As we arrive at Mother’s Day, 2012 I think of my mother, Kathleen, and I see her in some kind of in-between place in her life. I have come to realize that she is no longer getting old. She is old. It is her being now. Her hair, never once dyed in her life, is still fairly dark, though grey and thinning. Her face is wrinkled, her hands and arms small, almost tiny. At around 100 pounds she is physically frail. Mentally she comes and goes, sometimes sharp as can be, other times struggling to remember things she should know. Her spirit remains strong. It has always been strong. Her smile and her laughter still make me laugh or smile along with her. She has survived a great deal in her 87 years.
There was a time when her hair was jet black, when she looked healthy, when she could move freely. I remember Mom as young and vibrant, though that seems so long ago now, hazy memories even for me. I remember telling my grade school classmates how beautiful she was. I remember how hard she worked to keep up the house and to take care of things for us, and to take care of us. I recall the whole family, including our Aunt Avene, gathered in our basement as my Great Aunt Leona banged away at the piano, pounding out “Turkey in the Straw” without sheet music and my mother kicking her legs up in dance, not for the joy of the dance, but for the joy of bringing smiles to the faces of her children. Everything she did in her life was about her children.
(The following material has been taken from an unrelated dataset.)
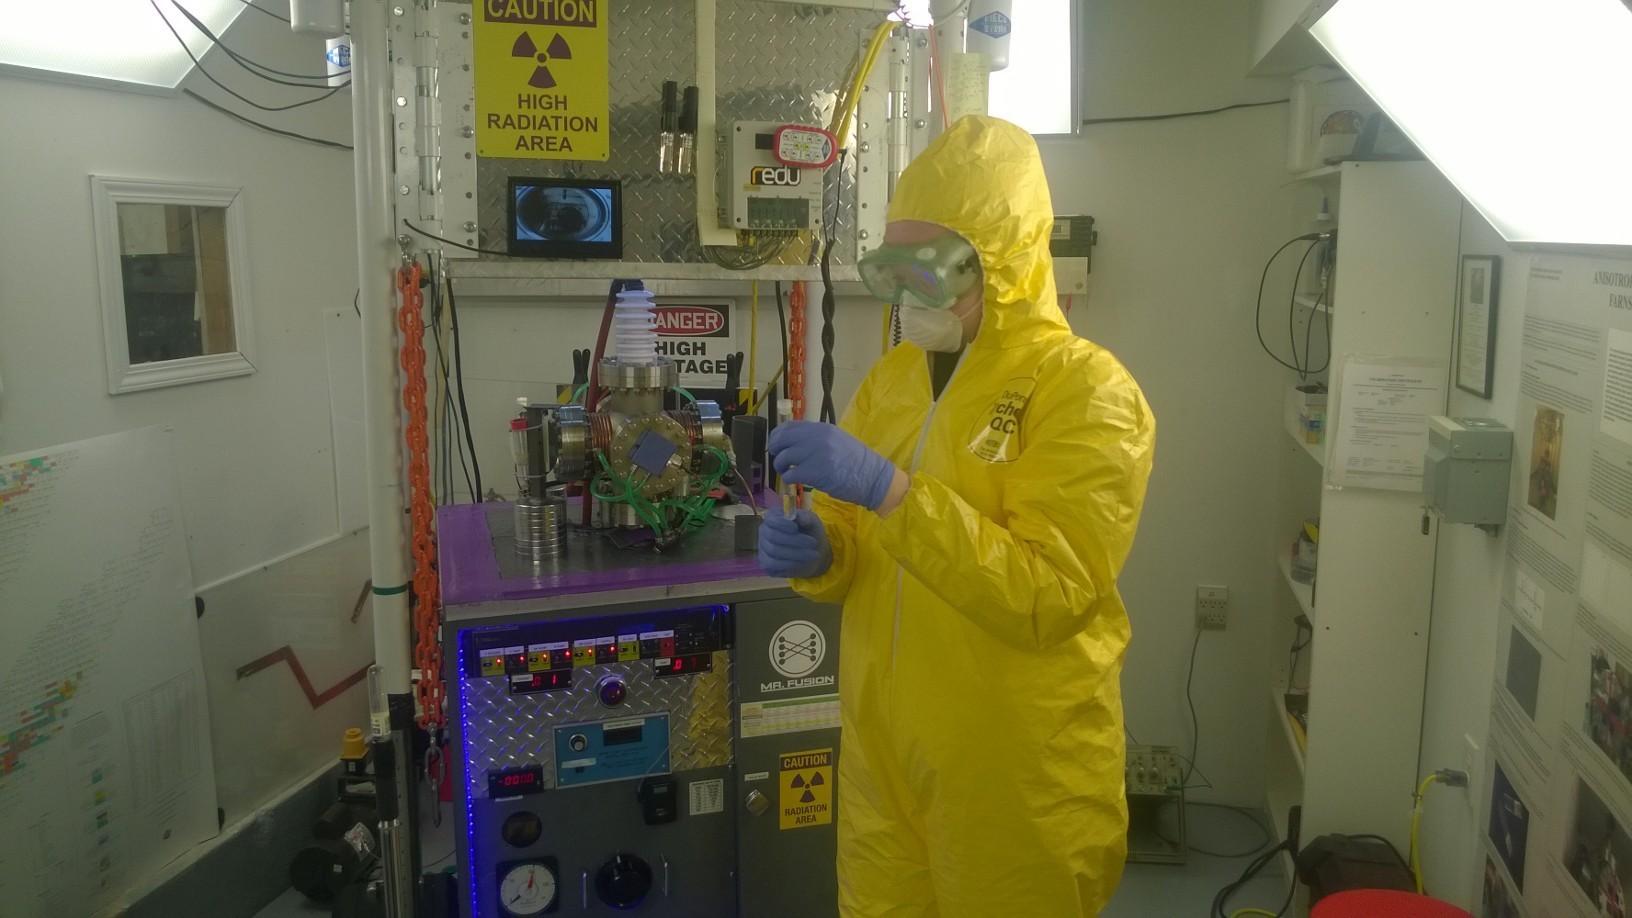 Старшеклассники собрали термоядерный реактор в гараже и ставят эксперименты - 5

This is not to say she was a perfect mother. But I wouldn’t say that I was ever a perfect son either. The ways in which she failed as a mother were never the result of meanness, selfishness, or anything else bad, but because she wasn’t equipped to deal with what she was facing at the moment. When my father died of a heart attack at the age of 41 my mother was left with four children between the ages of two and eight to raise by herself. Her parents and grandparents were already all gone by then, as well as her oldest son who had died as a baby. Because of her strong Catholic faith she could handle the sorrow, but she wasn’t really equipped for single parenting, especially at a time when there were very few single parents. During my entire grade school and high school career in our small town I was the only one in my class from a single-parent household. She did her best without any preparation and very little support for such a task.
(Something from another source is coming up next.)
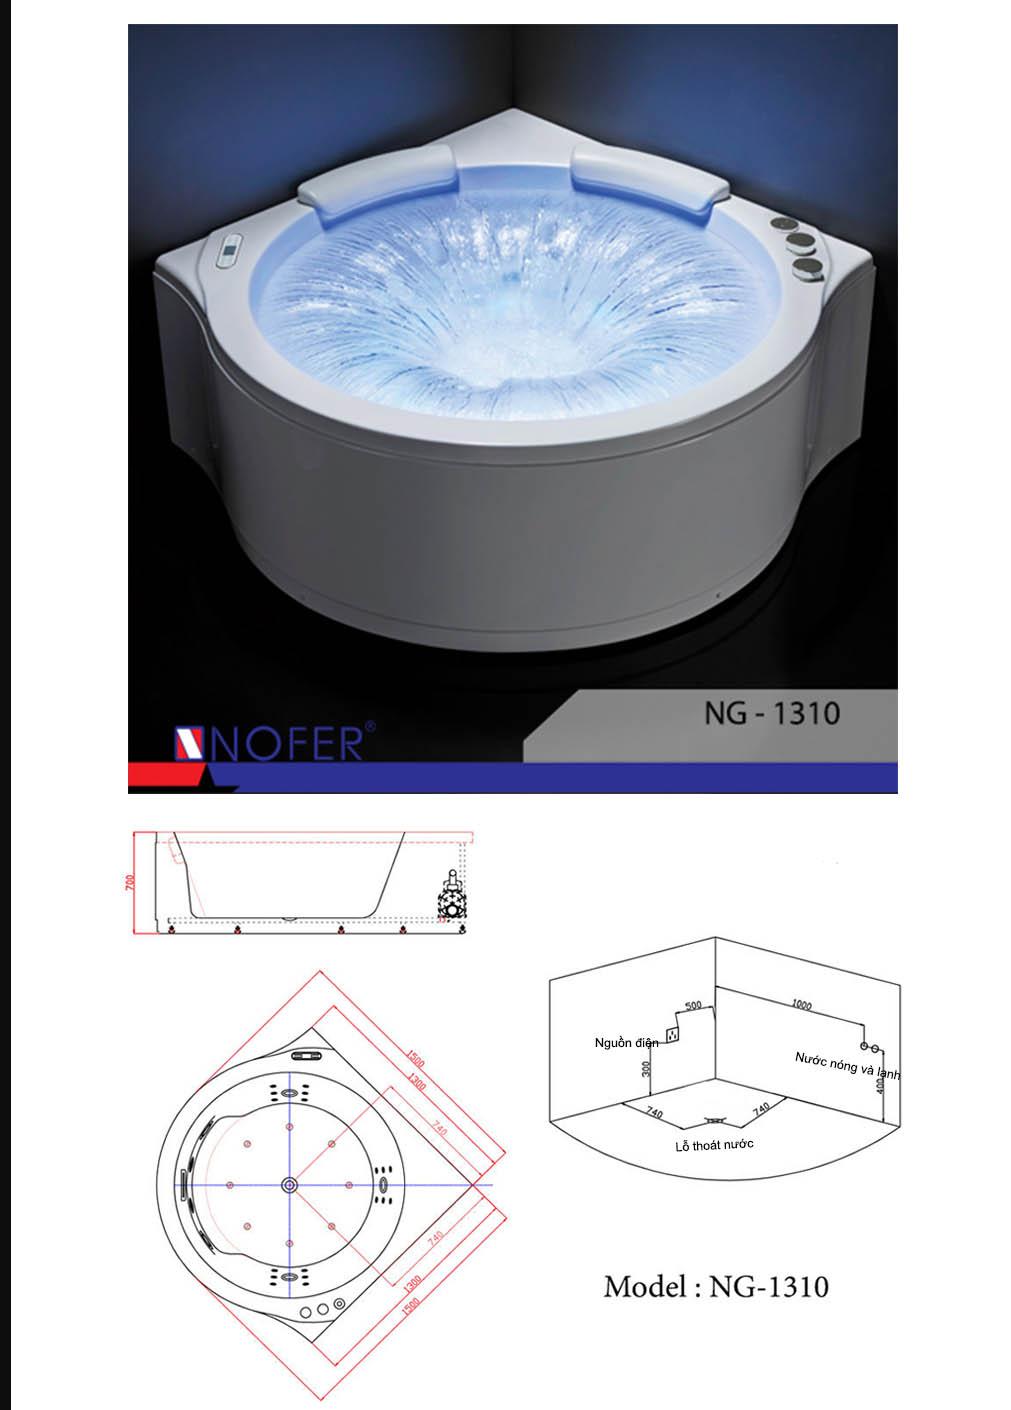 Bảng vẽ kỹ thuật NG-1310

We didn’t have much when I was a kid, but we had what we needed. We were fed, we were clothed, we were housed, and we were given love, maybe not as much of any of it as we might have wanted, but as much as she could or knew how to give. My mother grew up with an alcoholic father and it took me years to understand that some of her emotional distance most likely came from that. She was kind, generous, friendly, but didn’t always know how to show the love I know she held deep inside her. I had to learn to hug from a friend of mine when I was in my early 20’s and brought it back to our family where we learned it as adults.
This is not to say that my mother was an imperfect person either. She was perfect in living her life as well as she knew how. She gave us so much from so little. She instilled in me–in all four of us, I think–a sense of right and wrong, a sense of justice, and a conscience that could guide us throughout our lives if we only listened to it as well as she listened to hers.
I see her in my mind’s eye now, sitting on the chair in the living room, rosary in hand, silently praying a Novena for God knows what sins. She always saw herself as imperfect, lacking in grace and sophistication, short in intellect, failing in spiritual perfection. This was what was in her mind, not in others who knew her. She doubted herself the way that Doubting Thomas doubted Jesus. She doubted her abilities as a mother mostly, I think, because none of her children followed the Catholic faith once we became adults. In her mind this was her biggest failure. Perhaps what she didn’t understand is that we were fallen away Catholics because the Catholic Church had fallen so far away from the teachings of Jesus. What she didn’t realize was that the morals she taught, the respect she taught, the lessons that we learned from her stayed with us even though the trappings of the church dropped away.
Like my mother I doubt myself. I question my morality and my spiritual fullness. I question my worthiness. I try to do right and I try to do good in this world, to make it a better place, and even without the faith in which I was raised I try to honor the ethical and moral upbringing that was given to me. I question my role as a son, often thinking myself more prodigal than the Prodigal Son of the Bible.
On Mother’s Day I will make the drive to my home county, the land where my family has lived for generations, and I know that like the father in that story in the Bible my aging mother will welcome me there with open arms and love, no matter how long it’s been since my last phone call or visit. She will make me feel wanted and loved, because I am her child and her children still are the sum of her purpose in life.